Data segment
>>>>>
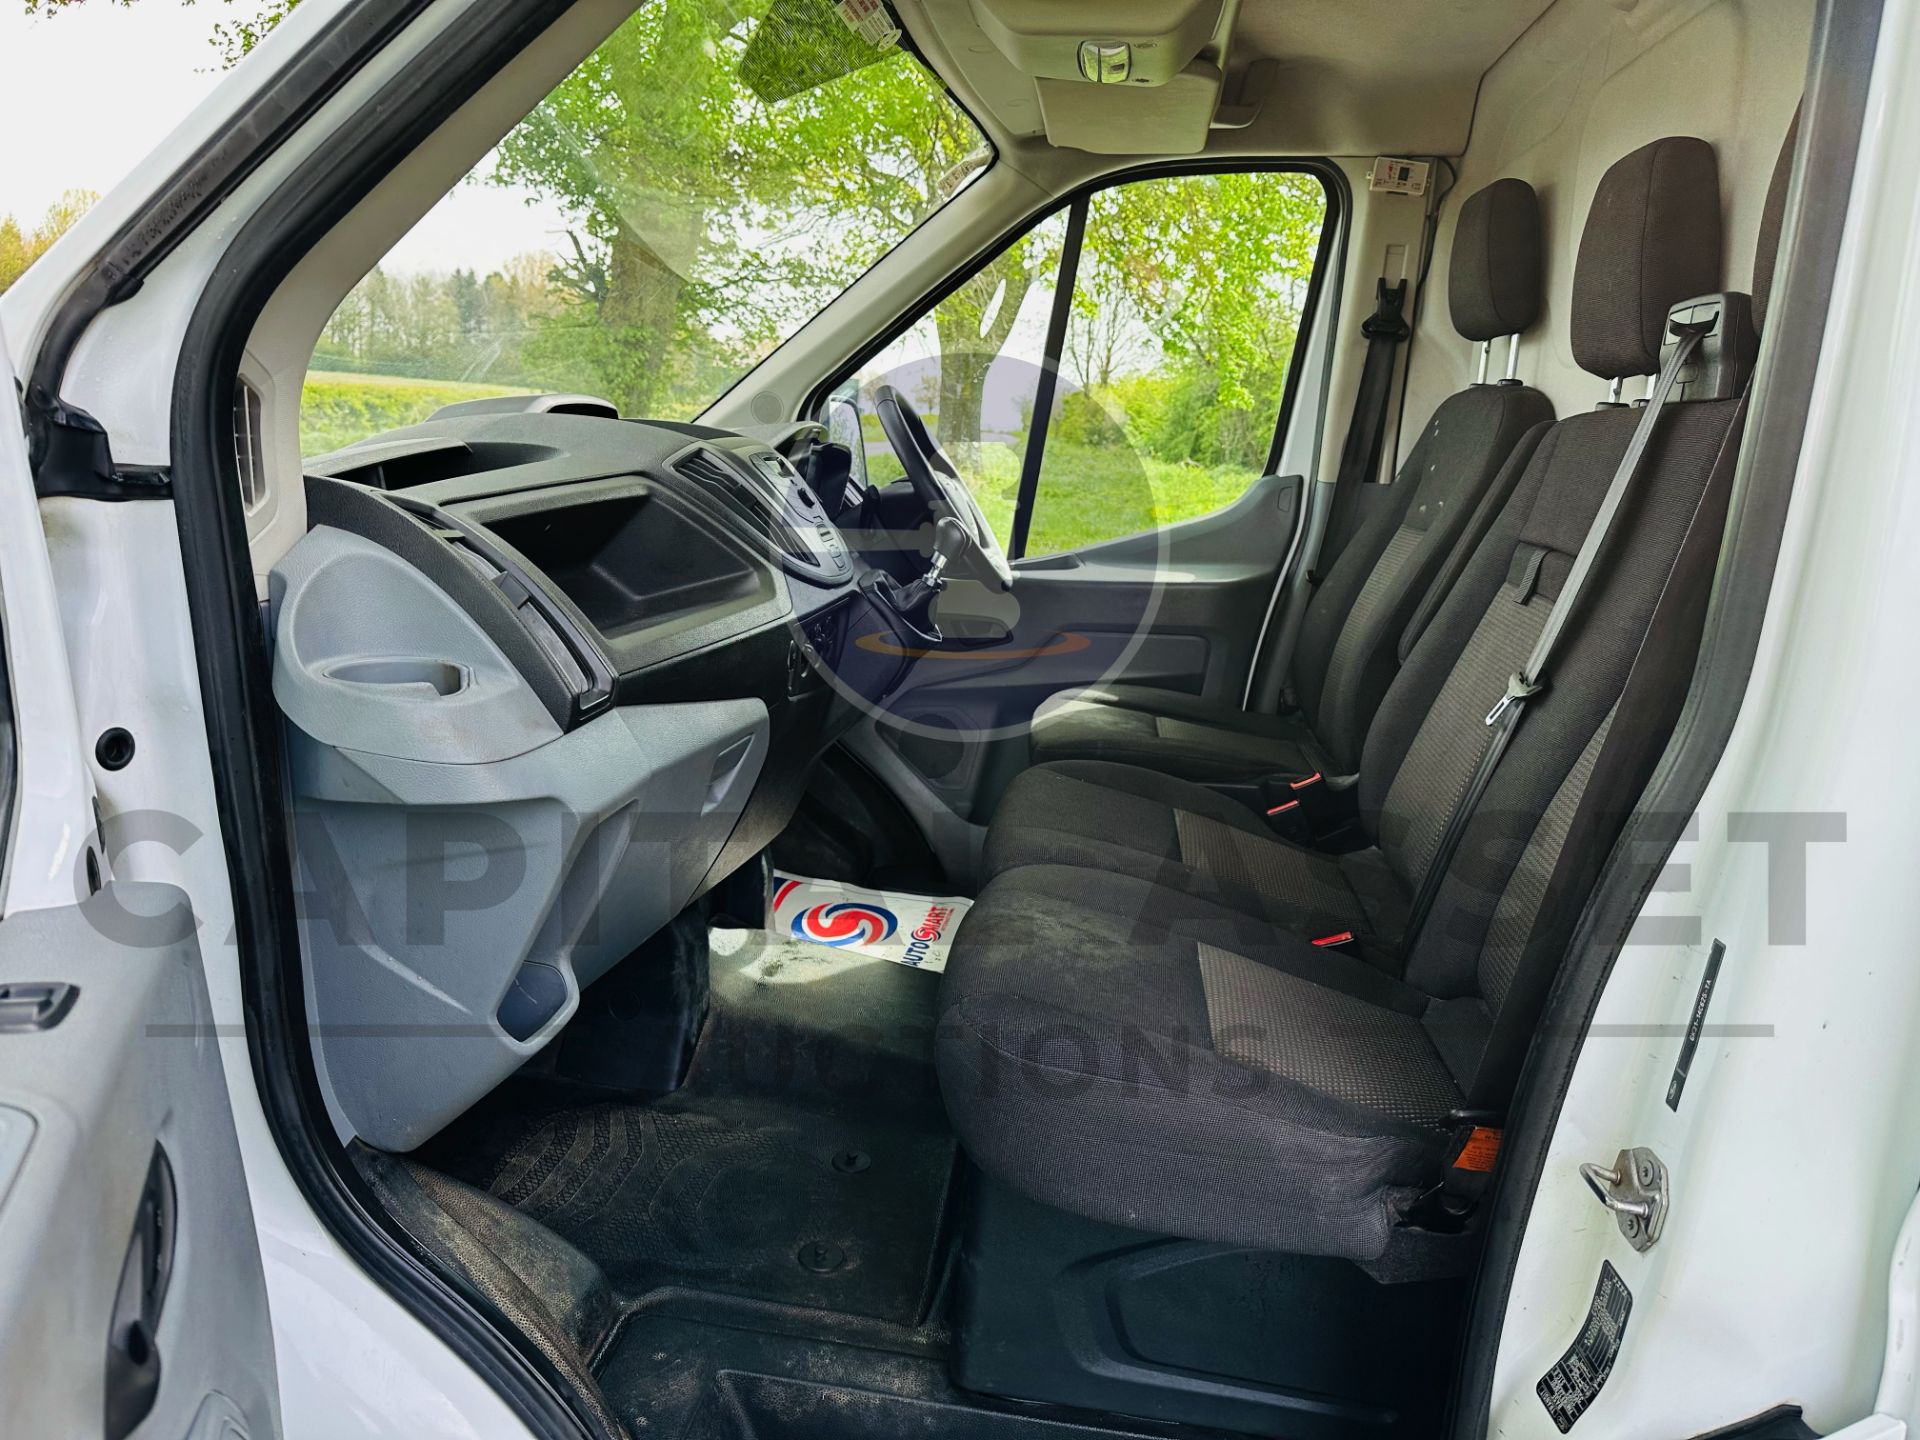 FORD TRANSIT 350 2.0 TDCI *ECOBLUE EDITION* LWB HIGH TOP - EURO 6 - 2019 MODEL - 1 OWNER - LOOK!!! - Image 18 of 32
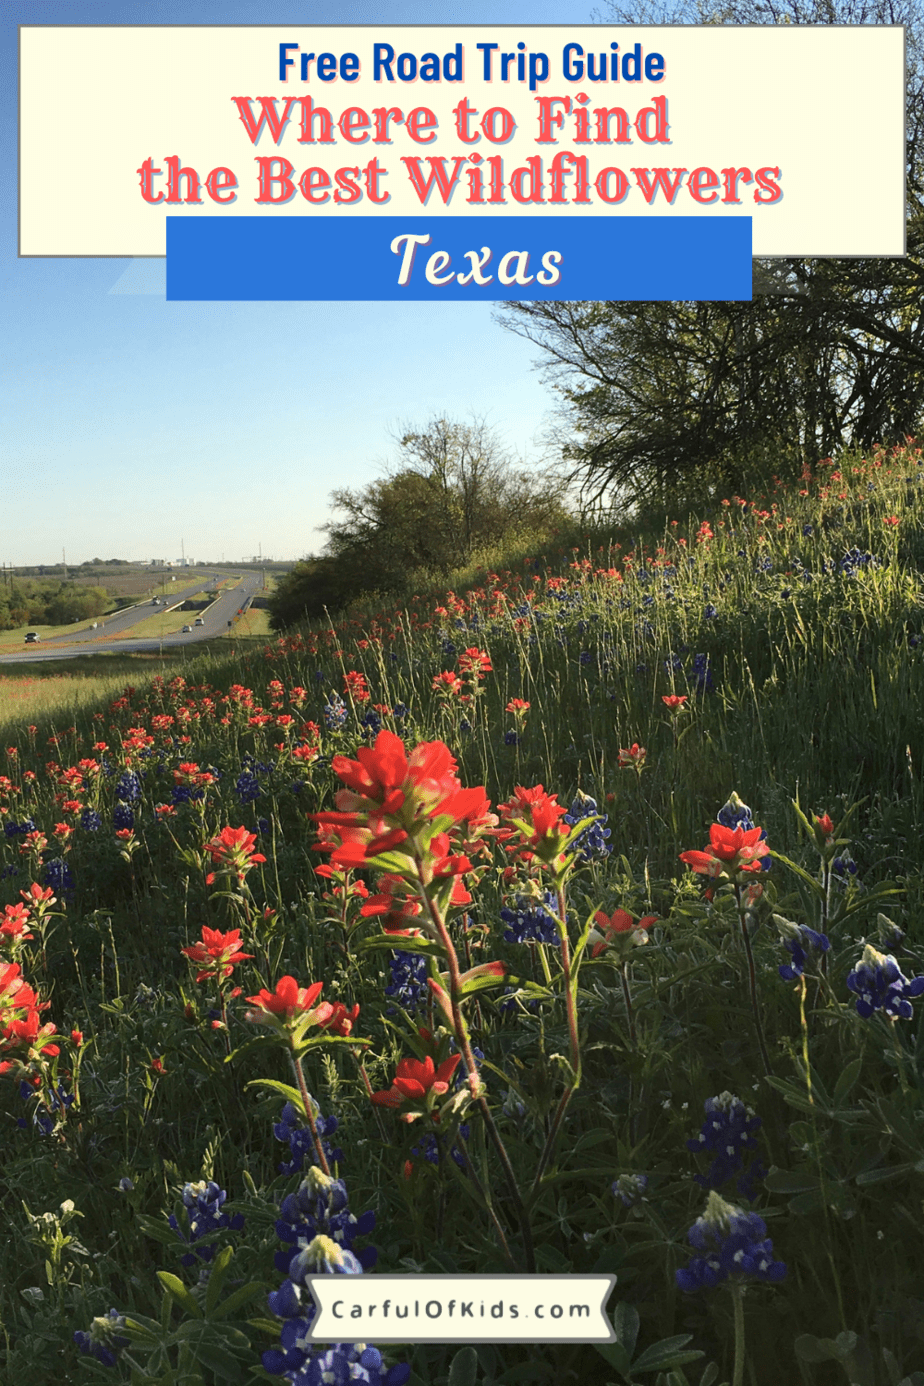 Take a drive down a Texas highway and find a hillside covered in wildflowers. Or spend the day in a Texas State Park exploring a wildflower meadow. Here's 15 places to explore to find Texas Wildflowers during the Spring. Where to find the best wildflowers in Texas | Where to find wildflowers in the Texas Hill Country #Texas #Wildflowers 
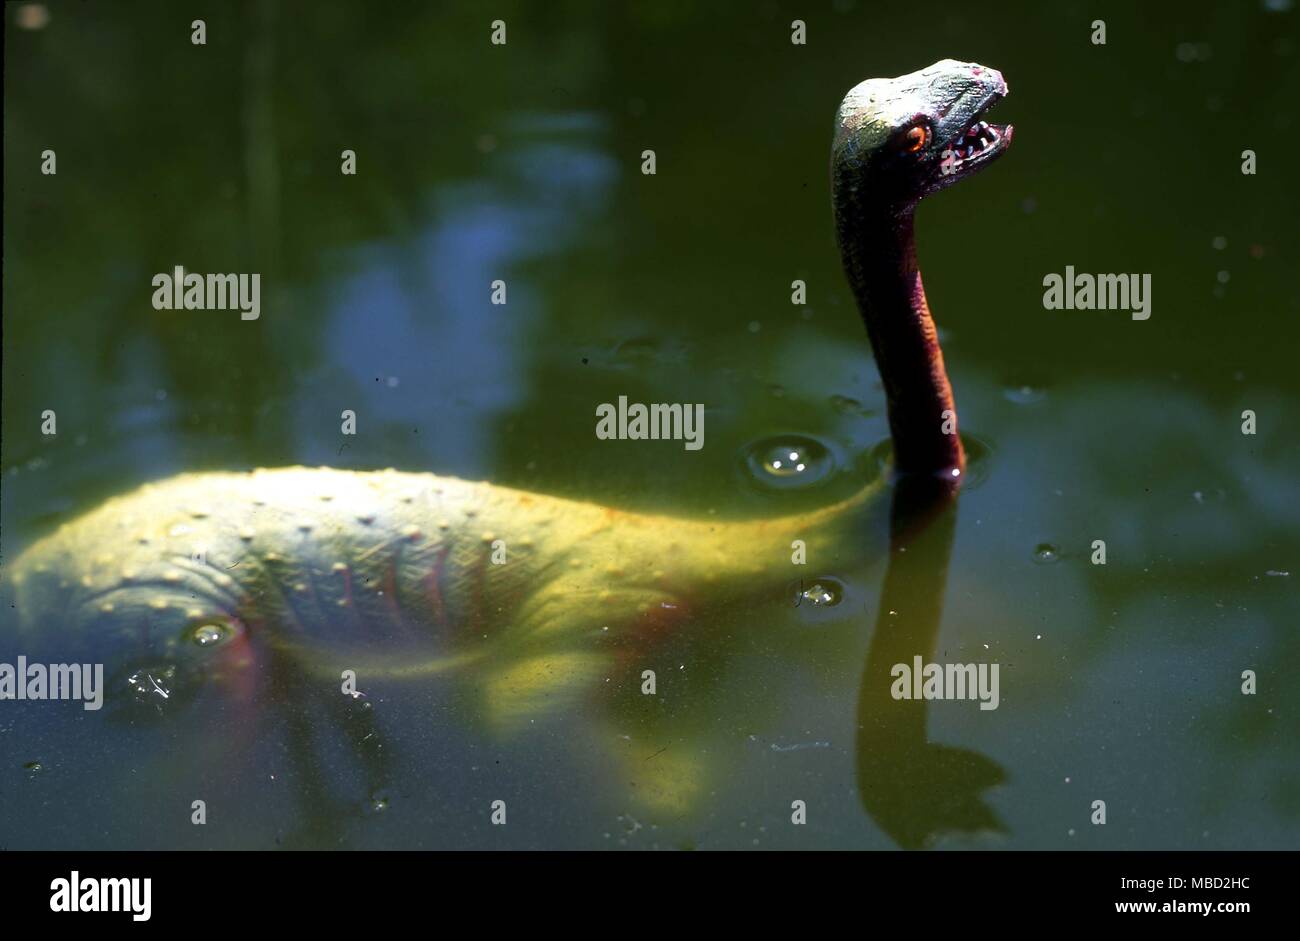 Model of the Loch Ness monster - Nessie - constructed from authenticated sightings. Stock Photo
<<<<<
What to do
Reprint all the data above verbatim, excluding pictures.

Response for this exercise
 FORD TRANSIT 350 2.0 TDCI *ECOBLUE EDITION* LWB HIGH TOP - EURO 6 - 2019 MODEL - 1 OWNER - LOOK!!! - Image 18 of 32
 Take a drive down a Texas highway and find a hillside covered in wildflowers. Or spend the day in a Texas State Park exploring a wildflower meadow. Here's 15 places to explore to find Texas Wildflowers during the Spring. Where to find the best wildflowers in Texas | Where to find wildflowers in the Texas Hill Country #Texas #Wildflowers 
 Model of the Loch Ness monster - Nessie - constructed from authenticated sightings. Stock Photo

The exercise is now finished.